OF = obsf.where(np.logical_and(obsf[‘alt_bottom’]<=target_alt,obsf[‘alt_top’]>target_alt)).mean(dim=‘pfull’)

This yields

OF = 
xarray.Dataset

    Dimensions:
        points: 1003
        phalf: 22
    Coordinates: 
    lat
    (points)
    float64
    61.5 63.5 65.5 ... 62.5 60.5 59.5
    lon
    (points)
    float64
    205.6 204.4 203.1 ... 203.1 205.6
    time
    (points)
    datetime64[ns]
    2009-10-27T17:30:00 ... 2012-10-...
    phalf
    (phalf)
    float64
    207.8 252.2 304.1 ... 995.9 1e+03
    points
    (points)
    int64
    0 1 2 3 4 ... 999 1000 1001 1002

Data variables:

    H2
    (points)
    float32
    dask.array<chunksize=(1003,), meta=np.ndarray>
    CO
    (points)
    float32
    dask.array<chunksize=(1003,), meta=np.ndarray>
    ps
    (points)
    float32
    dask.array<chunksize=(1003,), meta=np.ndarray>
    temp
    (points)
    float32
    dask.array<chunksize=(1003,), meta=np.ndarray>
    sphum
    (points)
    float32
    dask.array<chunksize=(1003,), meta=np.ndarray>
    ucomp
    (points)
    float32
    dask.array<chunksize=(1003,), meta=np.ndarray>
    vcomp
    (points)
    float32
    dask.array<chunksize=(1003,), meta=np.ndarray>
    u_ref
    (points)
    float32
    dask.array<chunksize=(1003,), meta=np.ndarray>
    v_ref
    (points)
    float32
    dask.array<chunksize=(1003,), meta=np.ndarray>
    zsurf
    (points)
    float32
    dask.array<chunksize=(1003,), meta=np.ndarray>
    pk
    (phalf, points)
    float32
    dask.array<chunksize=(22, 1003), meta=np.ndarray>
    bk
    (phalf, points)
    float32
    dask.array<chunksize=(22, 1003), meta=np.ndarray>
    alt_center
    (points)
    float32
    dask.array<chunksize=(1003,), meta=np.ndarray>
    alt_edge
    (points, phalf)
    float32
    dask.array<chunksize=(1003, 21), meta=np.ndarray>
    alt_top
    (points)
    float32
    dask.array<chunksize=(1003,), meta=np.ndarray>
    alt_bottom
    (points)
    float32
    dask.array<chunksize=(1003,), meta=np.ndarray>

Attributes: (0)

But OF.compute() never completes.
I tried to first sample alongside the time dimension (200 unique timesteps) but it’s also extremely slow.
I think I am probably doing something wrong with dask.
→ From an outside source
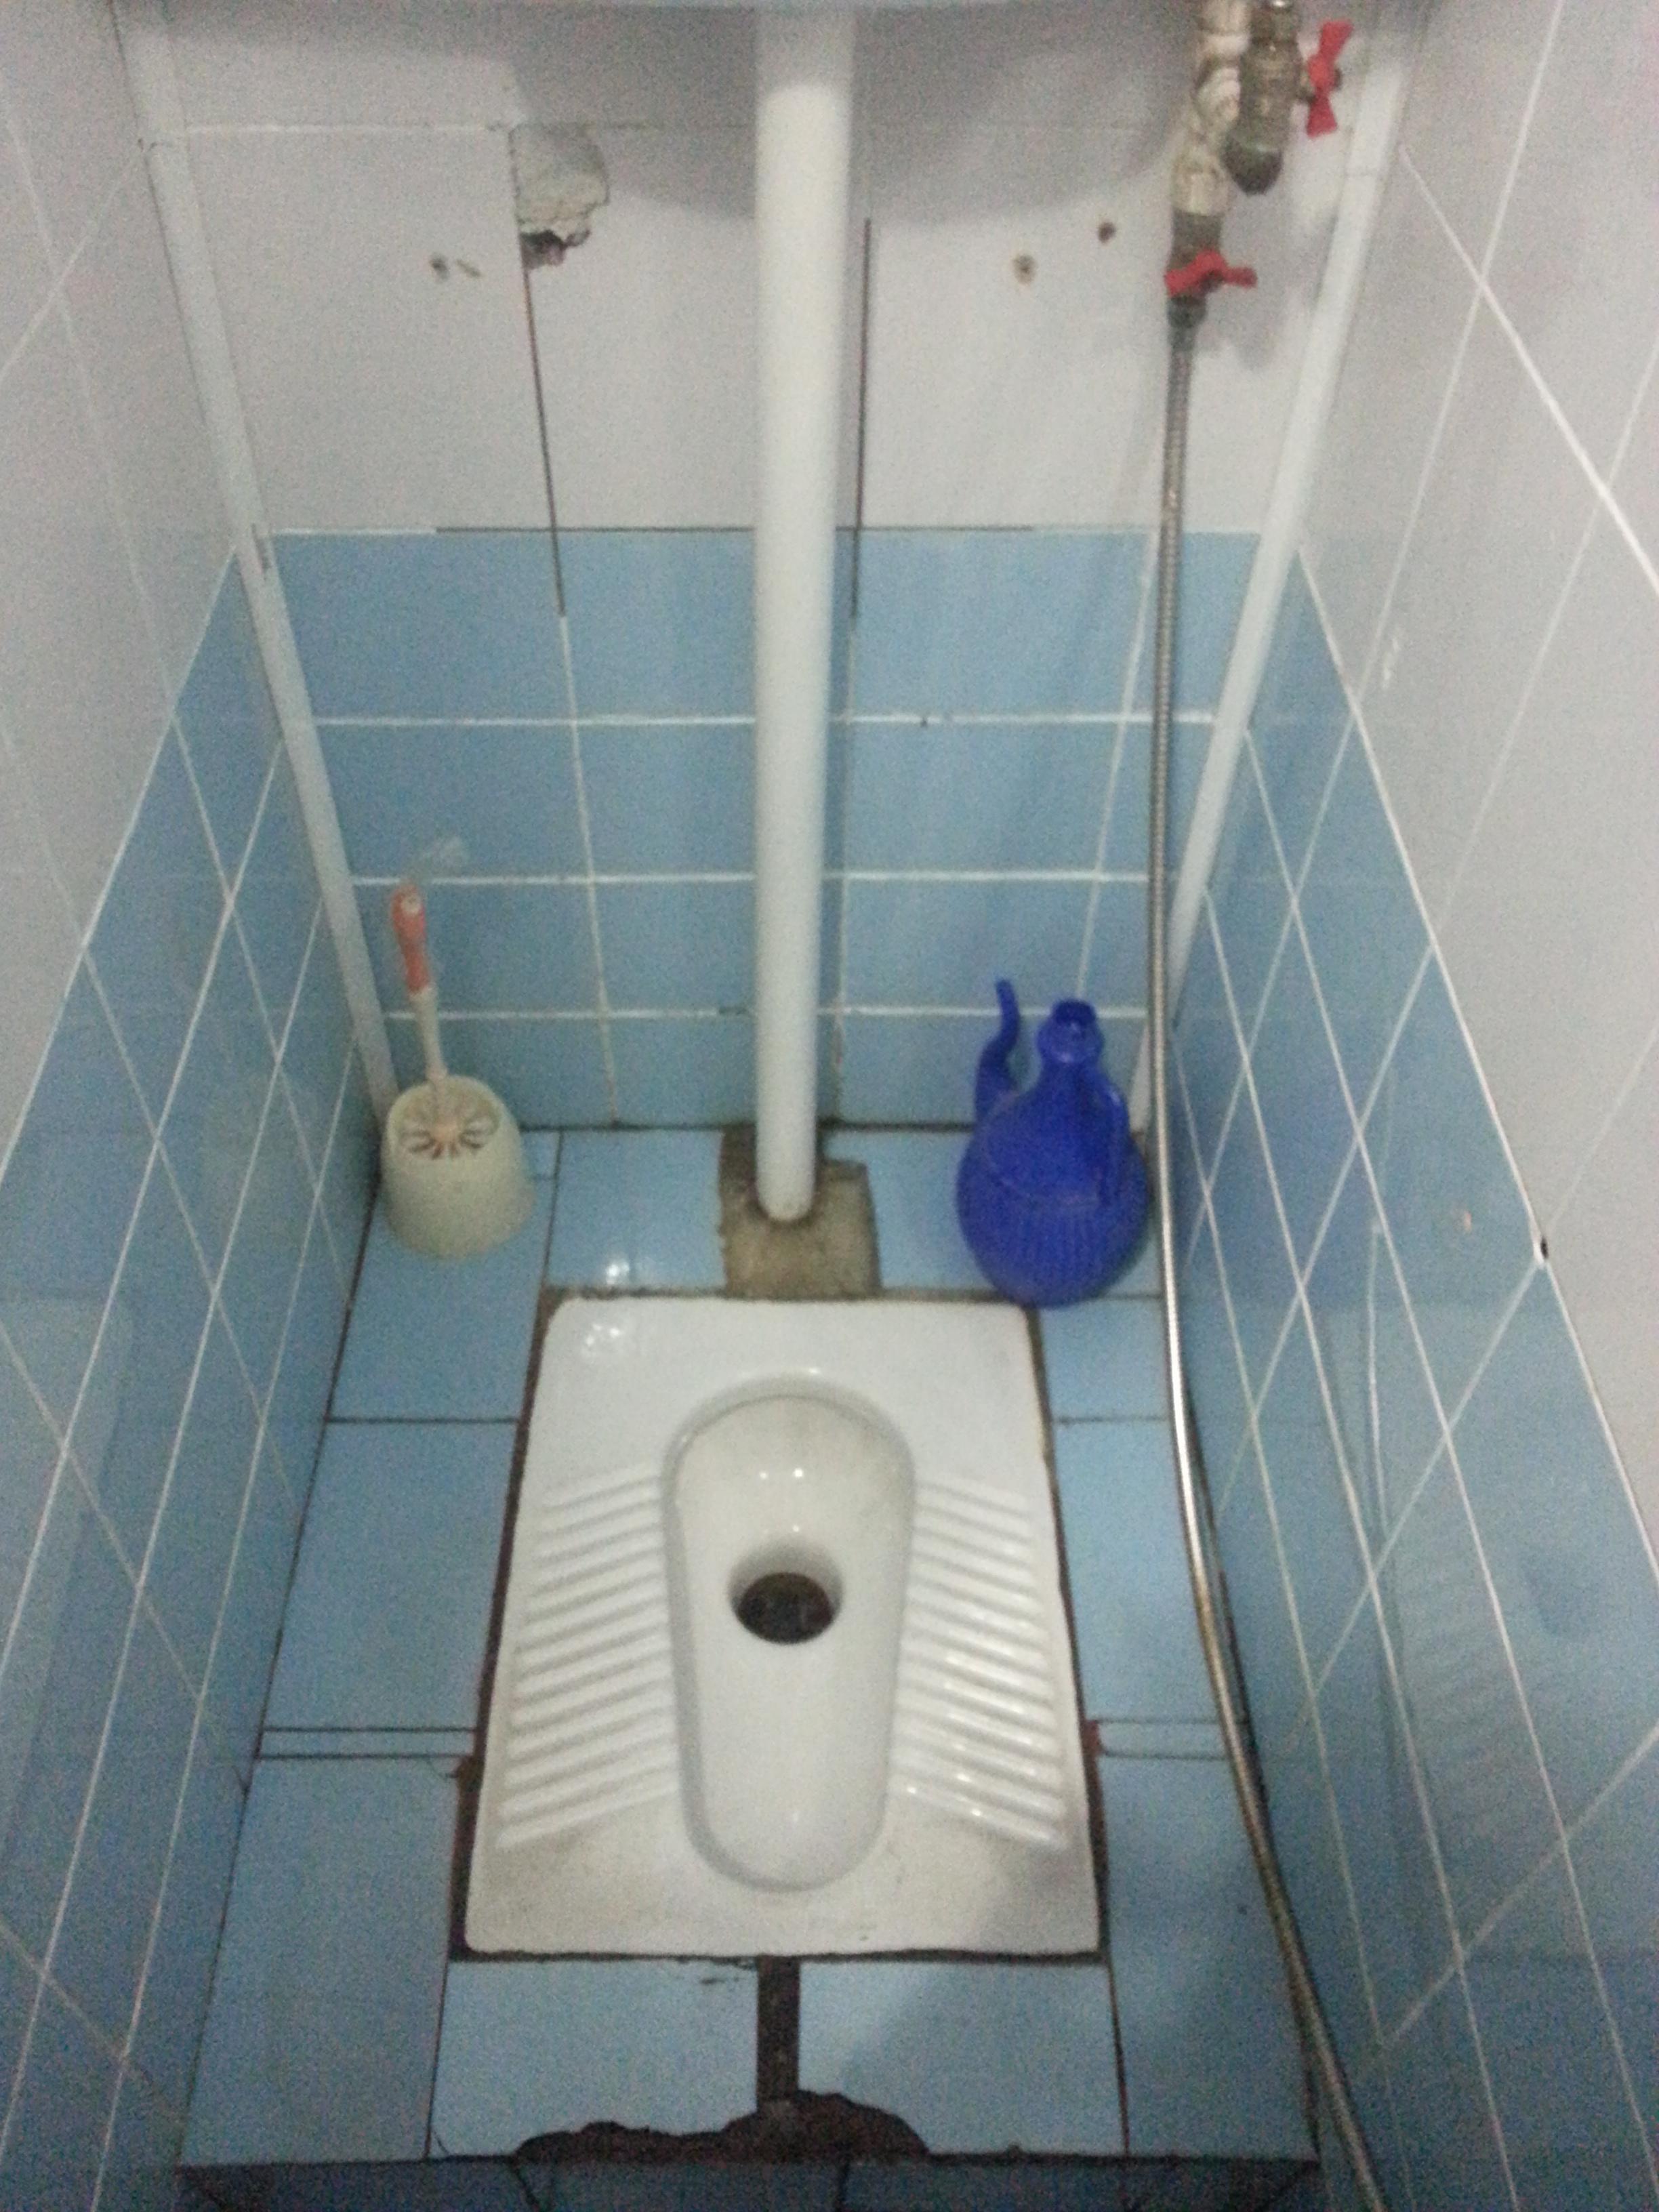 File:Muslim toilet.jpg - Wikimedia Commons

I am running a local cluster

client = Client(n_workers=4, threads_per_worker=1, memory_limit='50GB',local_directory=os.environ['TMPDIR'])

Thanks a lot for your help

Hi @sombrero2003. Do you have a full example, showing how you’re claling open_mfdataset? In particular, showing where the files are stored (in blob storage or locally?)
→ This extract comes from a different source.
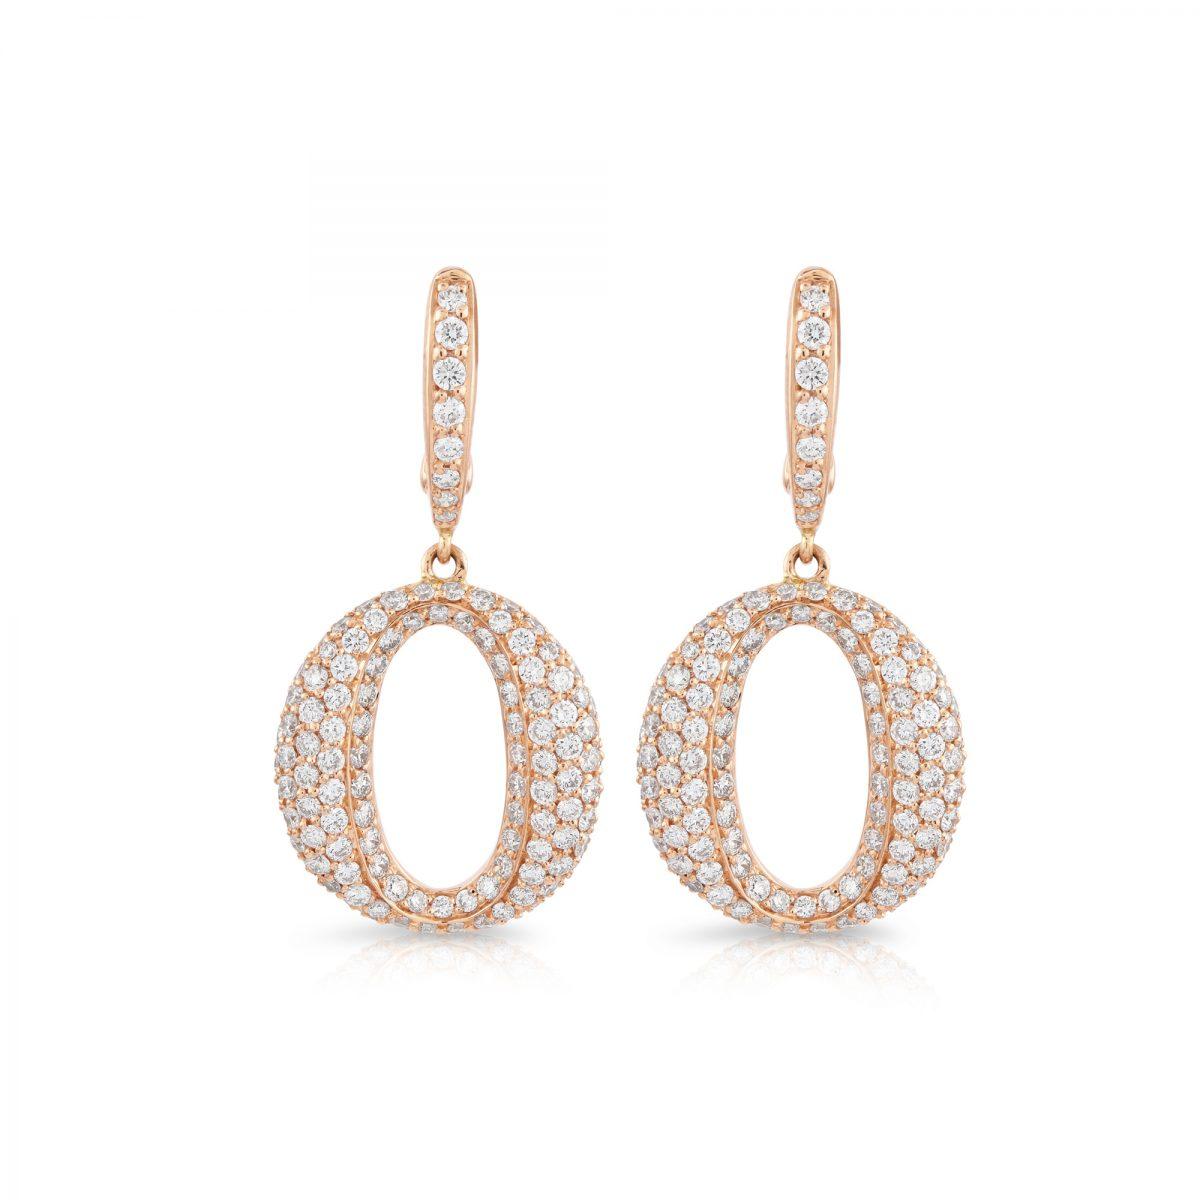 product/s/u/surround_earrings_30_28_669.jpg;;product/s/u/surround_earrings_30_28_669_l_s.jpg;;product/d/m/dmr-packaging_206_1_11.jpg

If it’s in blob storage you’re probably running into Pangeo and Data — Pangeo documentation.

The files are stored locally on fast scratch storage

f1 = xr.open_mfdataset('/vftmp/f1p/*.ASK_aircraft.nc')

I think this performs poorly due to the following issue.

Once you use open_mfsdataset, you are required to use Dask. The fact that the arrays are chunked means that you are basically loading the whole dataset into memory even to select just a few points.

To verify this, try just using one single file and using open_dataset without any dask or chunking. See if you can select data quickly from a single file. If the answer is no, then you’re looking at a fundamental I/O limitation of your filesystem related to how fast it can randomly access locations on disk. If the answer is yes, then the issue is likely the one linked above.

1 Like

Thank you very much.
If I load a single file, the selection is indeed very quick so the issue seems to be associated to the post you referred to.
In my case, would you suggest sampling each model file independently in a for loop?
Thanks

That is probably the best workaround available today.

Or you could roll up your sleeves and try to fix the upstream issue in Xarray! :wink: That’s how many of us here got into open source development.